Member of the Legislative Assembly of Alberta
- In office January 19, 1961 – 1971
- Preceded by: Elizabeth Robinson
- Succeeded by: William Wyse
- Constituency: Medicine Hat

Personal details
- Born: January 6, 1907 Saratov, Russian Empire
- Died: March 19, 1992 (aged 85) Medicine Hat, Alberta
- Party: Social Credit
- Occupation: Insurance Underwriter

= Harry Leinweber =

Canadian politician

Harry C. Leinweber (January 6, 1907 – March 19, 1992) was a politician from Alberta, Canada. He served in the Legislative Assembly of Alberta from 1961 to 1971 as a member of the Social Credit Party.

==Political career==
Leinweber served as a municipal Alderman for the city of Medicine Hat from 1944 to 1950. He ran for mayor twice but was unsuccessful.

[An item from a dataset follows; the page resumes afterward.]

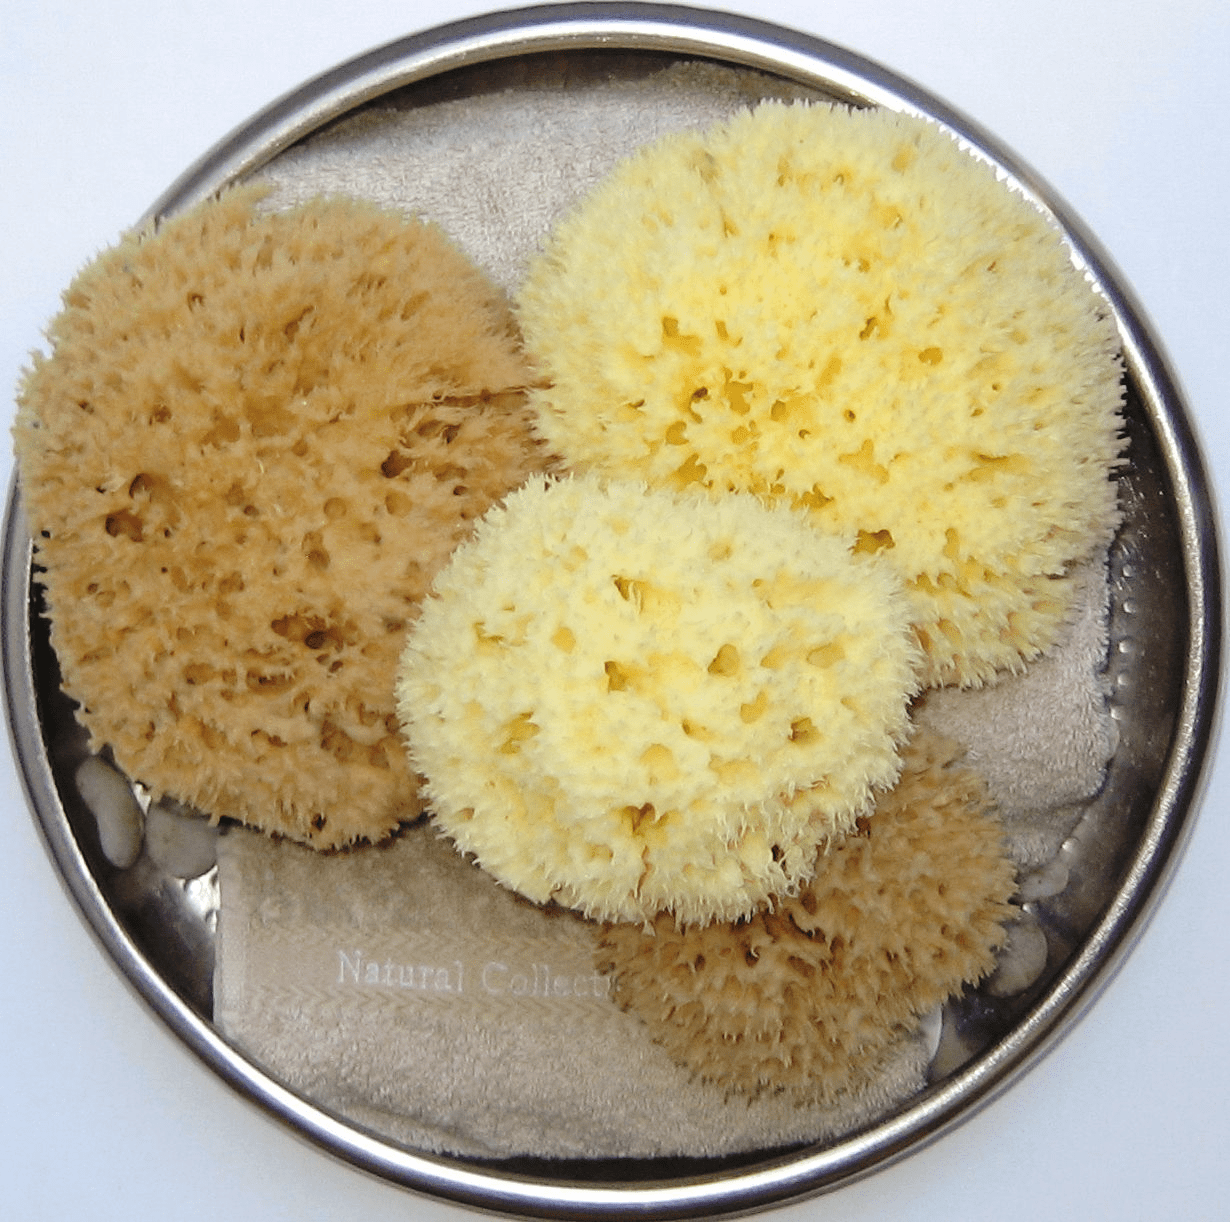 Honeycomb Sponges

Leinweber first ran for a seat to the Alberta legislature in a by-election held on January 19, 1961, in the electoral district of Medicine Hat. He defeated three other candidates with just under half the popular vote to hold the district for Social Credit.

In the 1963 general election Leinweber was re-elected with over 51% of the popular vote over three other candidates.

In the 1967 general election Leinweber won the district with just 40% of the popular vote over future MLA Jim Horsman. He retired from the Legislature at dissolution in 1971.